Data excerpt.
[Start of section]

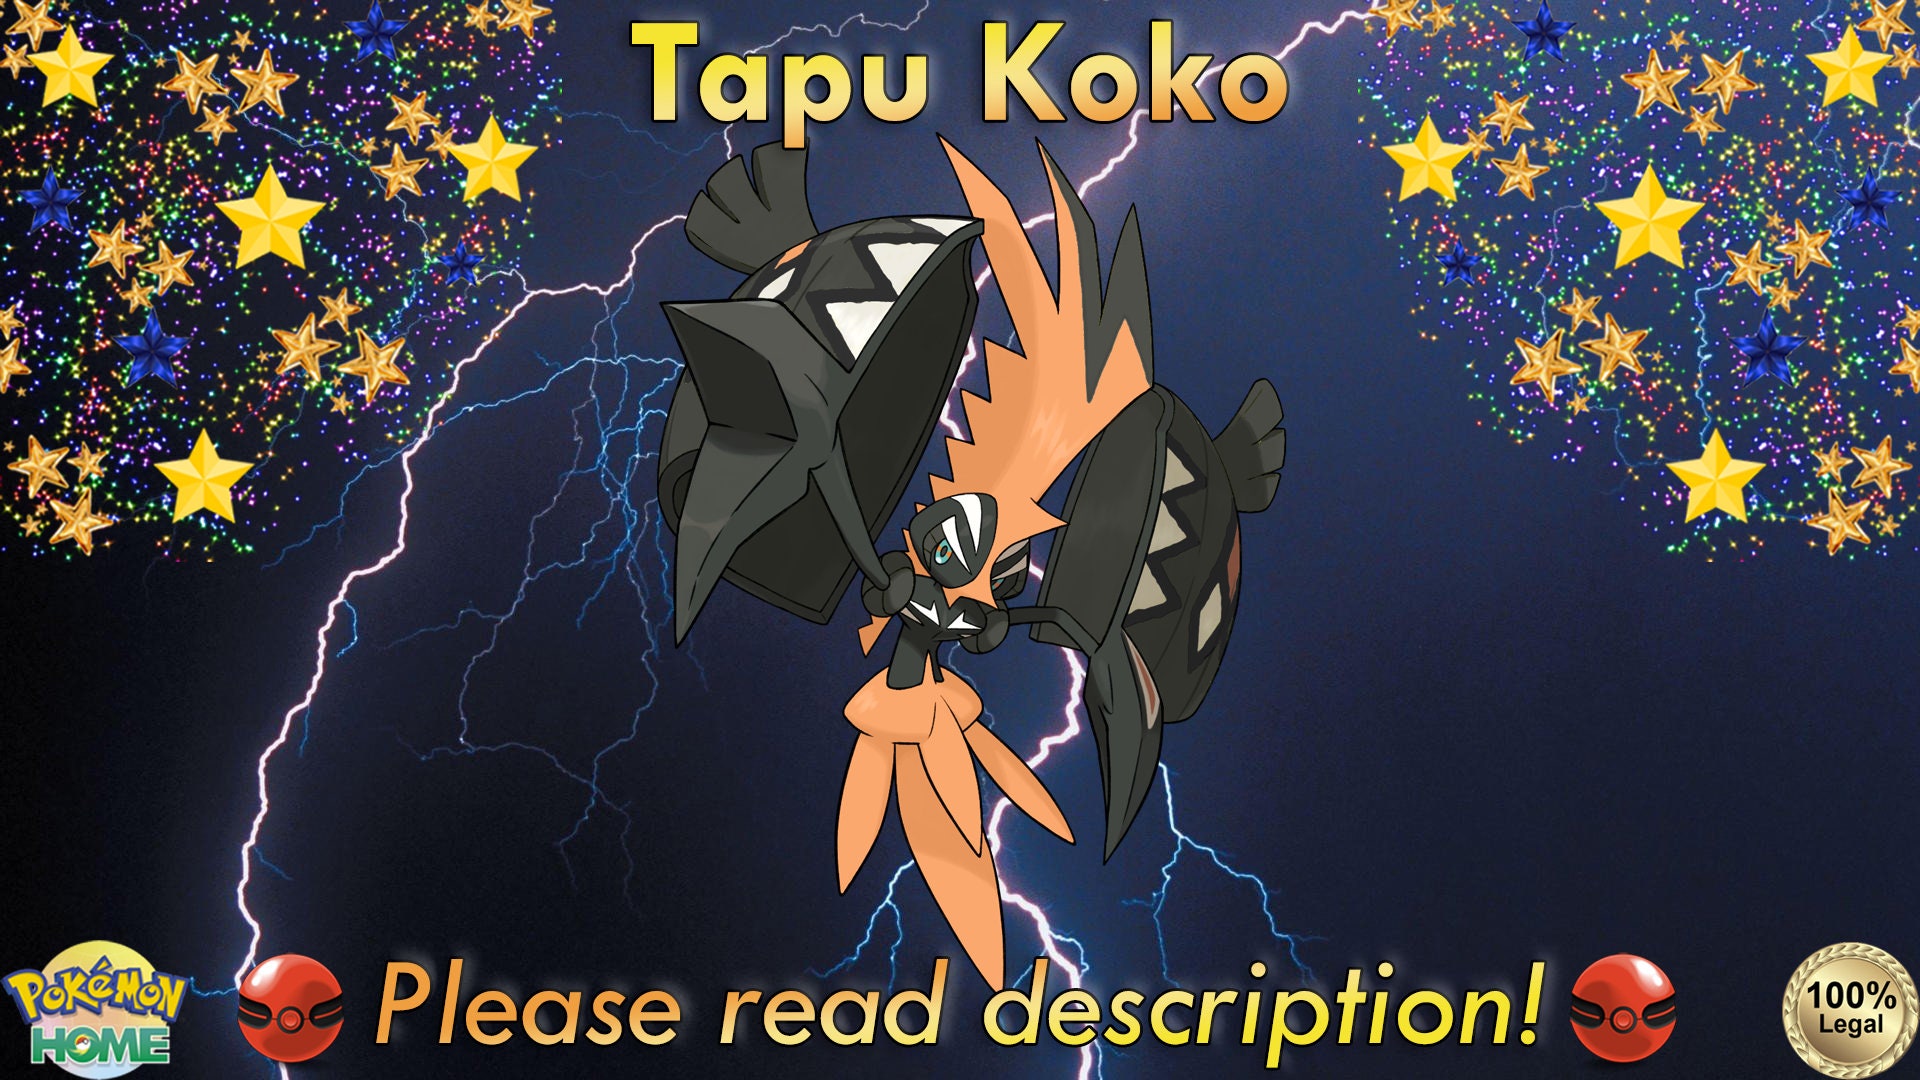 Tapu Koko ◇, União de Aliados, Banco de Dados de Cards do Estampas  Ilustradas
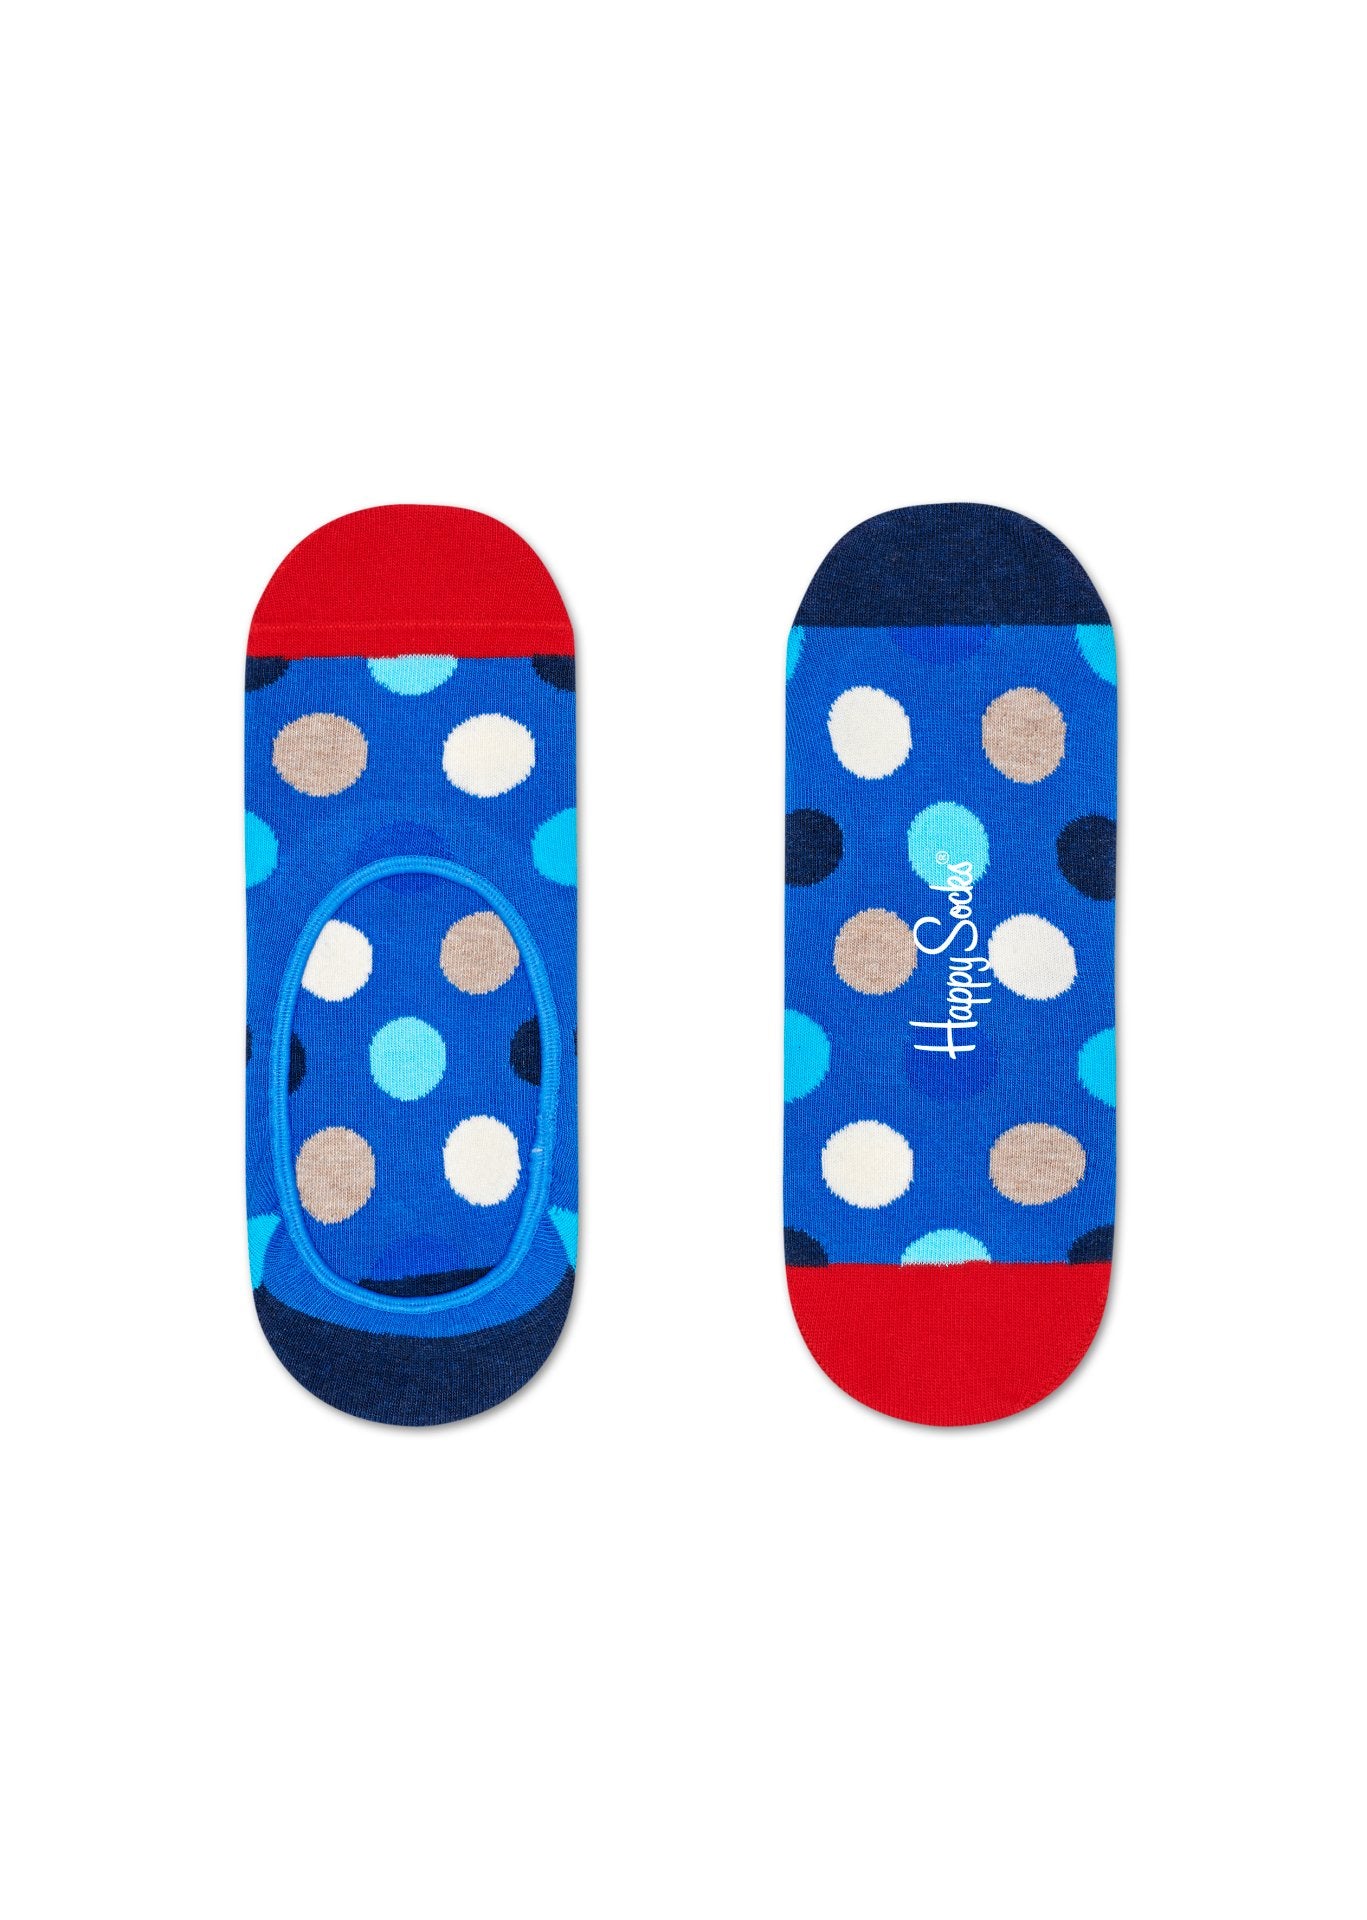 Nízké modré ponožky Happy Socks s puntíky, vzor Big Dot
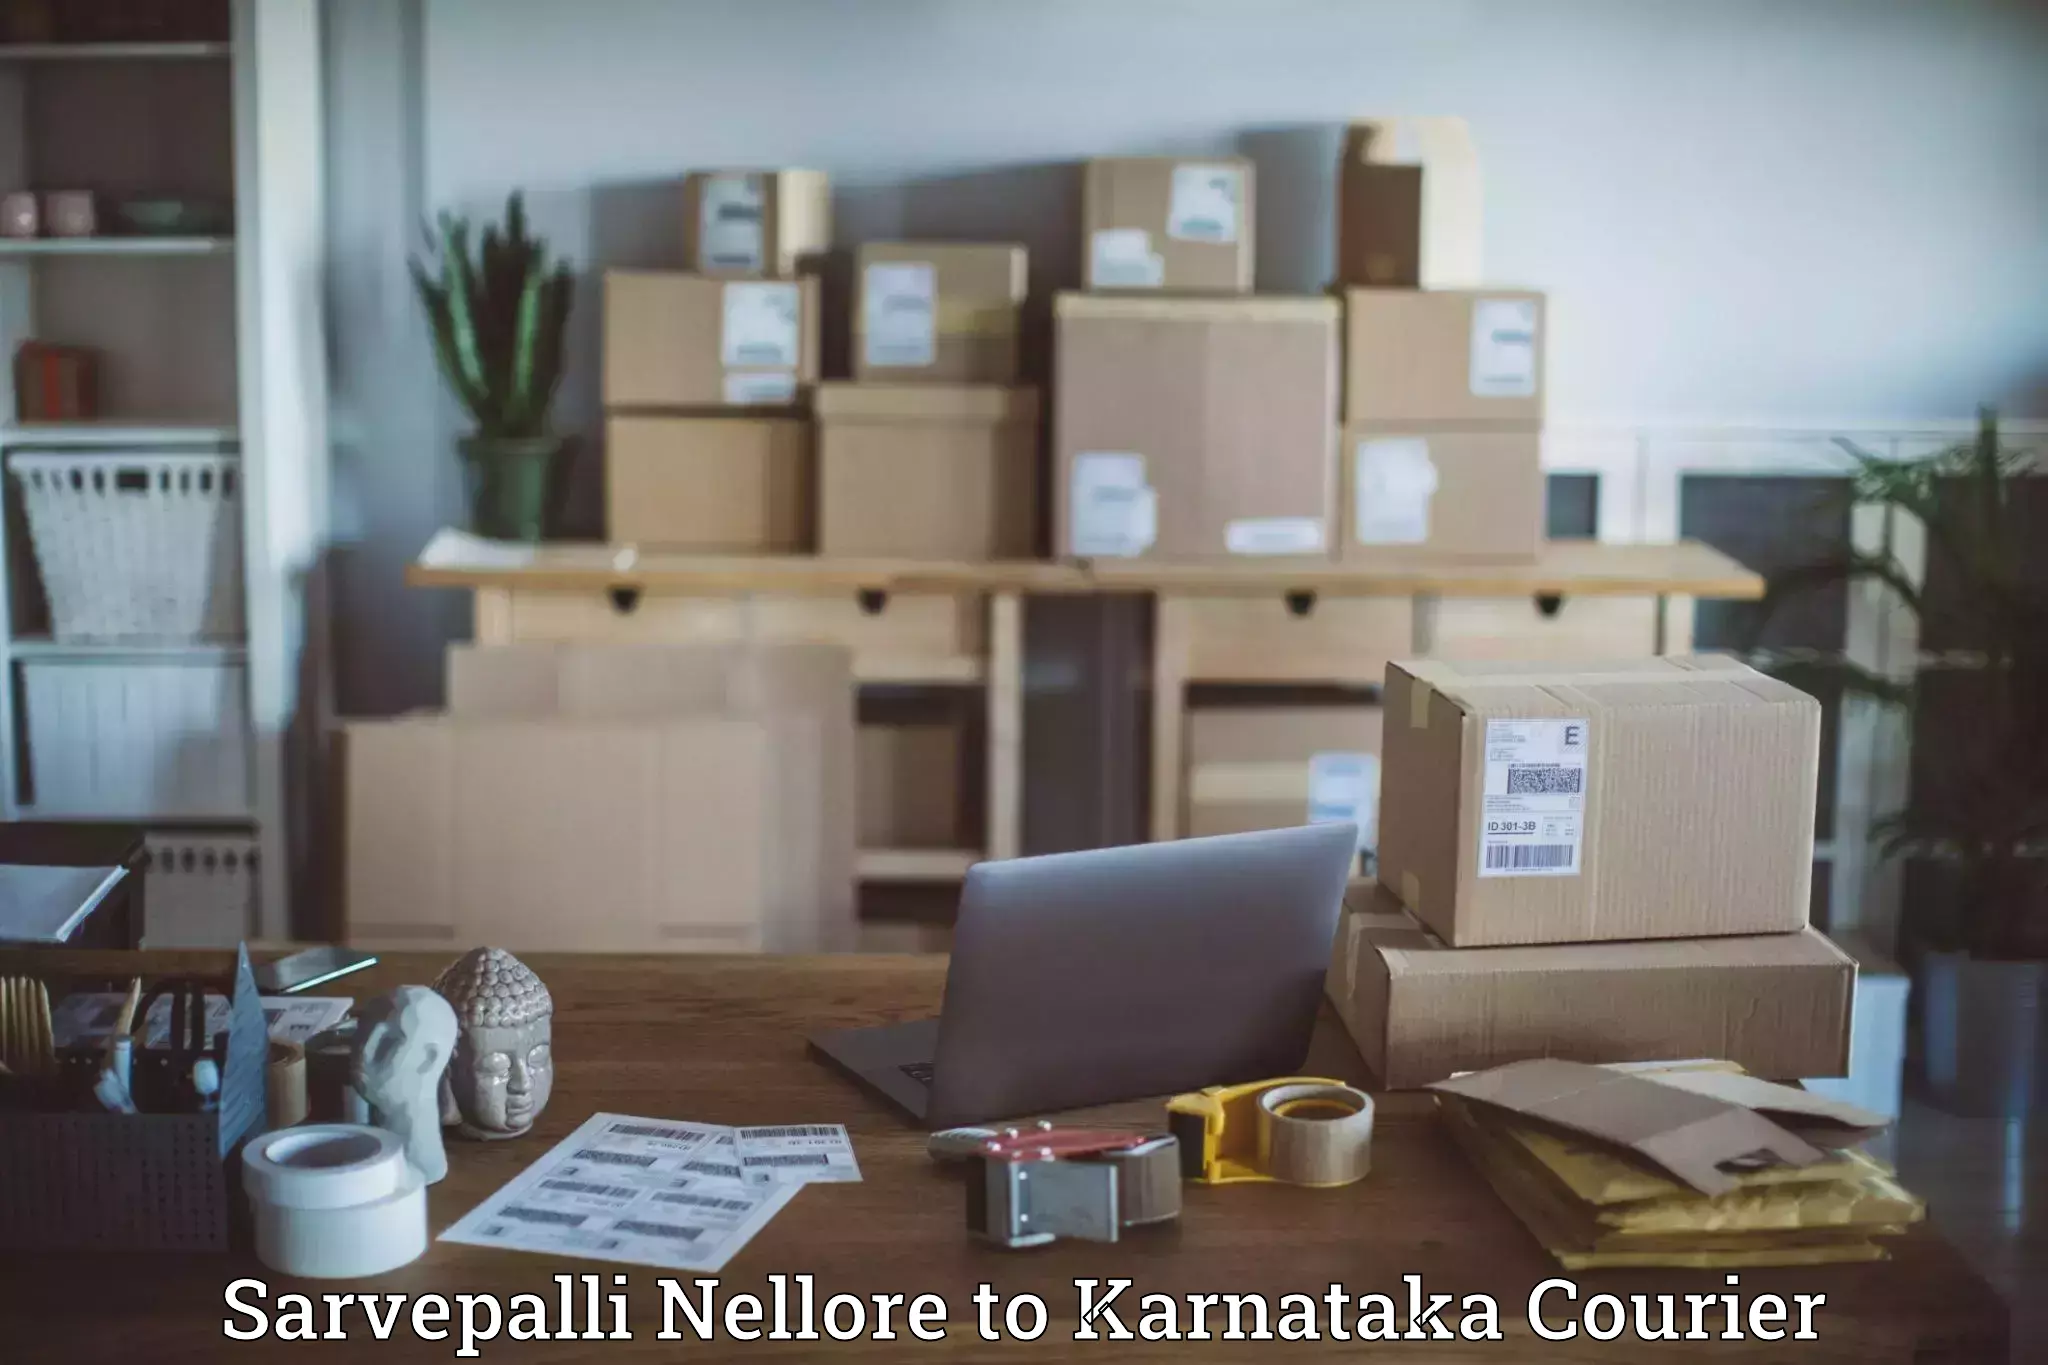 Local delivery service Sarvepalli Nellore to Karnataka

[End of section]

Problem statement. Everything above except the pictures needs to be reproduced exactly.

Response for this exercise.
 Tapu Koko ◇, União de Aliados, Banco de Dados de Cards do Estampas  Ilustradas
 Nízké modré ponožky Happy Socks s puntíky, vzor Big Dot
 Local delivery service Sarvepalli Nellore to Karnataka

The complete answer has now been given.